The best algorithms blend the use of fast-converging methods with the guarantee provided by a bracket. For example, say that an iteration begins with a bracketing interval. Make a list of the inverse quadratic estimate, the secant estimate, and the midpoint of the current interval and pick the first member of the list that lies within the current interval. Replace the interval with the bracketing subinterval, and start a new iteration. This is the idea behind Brent’s method, which is a very successful rootfinding algorithm.

Exercises

For each of problems 1–3, do the following steps.

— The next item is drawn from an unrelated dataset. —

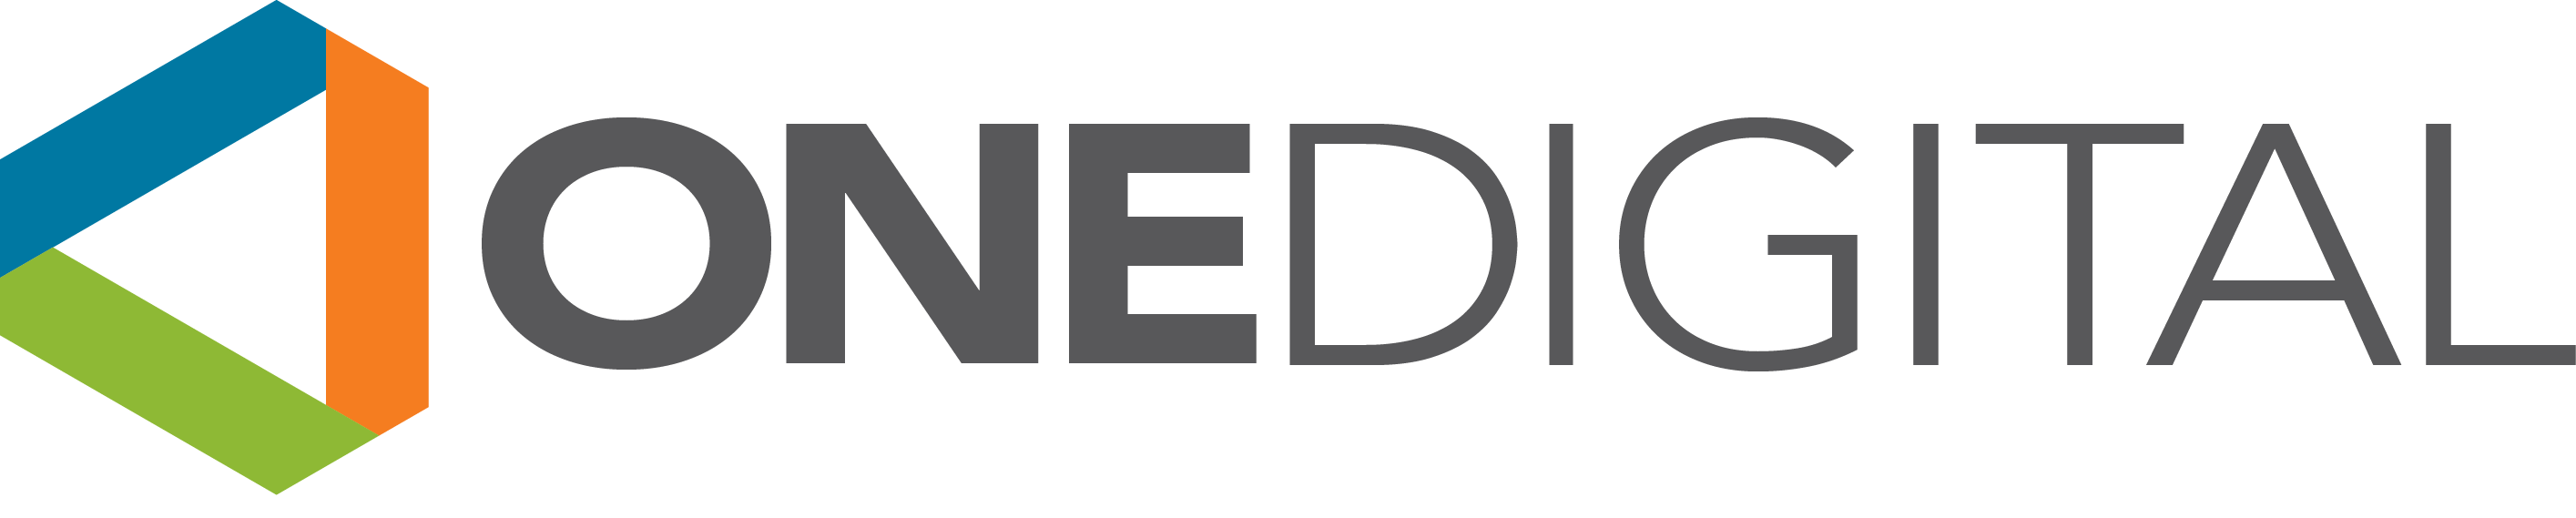 OneDigital Tennessee Company Logo

(a) ✍ Rewrite the equation into the standard form for rootfinding, \(f(x) = 0\). (b) ⌨ Make a plot of \(f\) over the given interval and determine how many roots lie in the interval. (c) ⌨ Use nlsolve to find an “exact” value for each root. (d) ⌨ Determine a bracketing interval for each root. Then use secant, starting with the endpoints of the interval, to find each root. (e) ⌨ For one of the roots, define e as a vector of the errors in the secant sequence. Determine numerically whether the convergence is superlinear.

  1. \(x^2=e^{-x}\), over \([-2,2]\)

  2. \(2x = \tan x\), over \([-0.2,1.4]\)

  3. \(e^{x+1}=2+x\), over \([-2,2]\)

  4. ⌨ Use a plot to approximately locate all the roots of \(f(x)=x^{-2}-\sin(x)\) in the interval \([0.5,4\pi]\). Then find a pair of initial points for each root such that secant converges to that root.

  5. ✍ Show analytically that the secant method converges in one step for a linear function, regardless of the initialization.

  6. ✍ In general, the secant method formula (87) cannot be applied if \(x_{k}=x_{k-1}\). However, suppose that \(f(x)=ax^2+bx+c\) for constants \(a\), \(b\), and \(c\). Show that in this case the formula can be simplified to one that is well defined when \(x_{k}=x_{k-1}\). Then show that the resulting \(x_{k+1}\) is the same as the result of one step of Newton’s method applied to \(f\) at \(x_k\).

  7. ✍ Let \(f(x)=x^2\). Show that if \((1/x_1)\) and \((1/x_2)\) are positive integers, and the secant iteration is applied, then the sequence \(1/x_1,1/x_2,1/x_3,\ldots\) is a Fibonacci sequence.

  8. ✍ Provide the details that show how to derive (88) from (87).

  9. ⌨ Write a function iqi(f,x1,x2,x3) that performs inverse quadratic interpolation for finding a root of \(f\), given three initial estimates. To find the quadratic polynomial \(q(y)\) passing through the three most recent points, use fit from the Polynomials package. Test your function on the first problem from this section.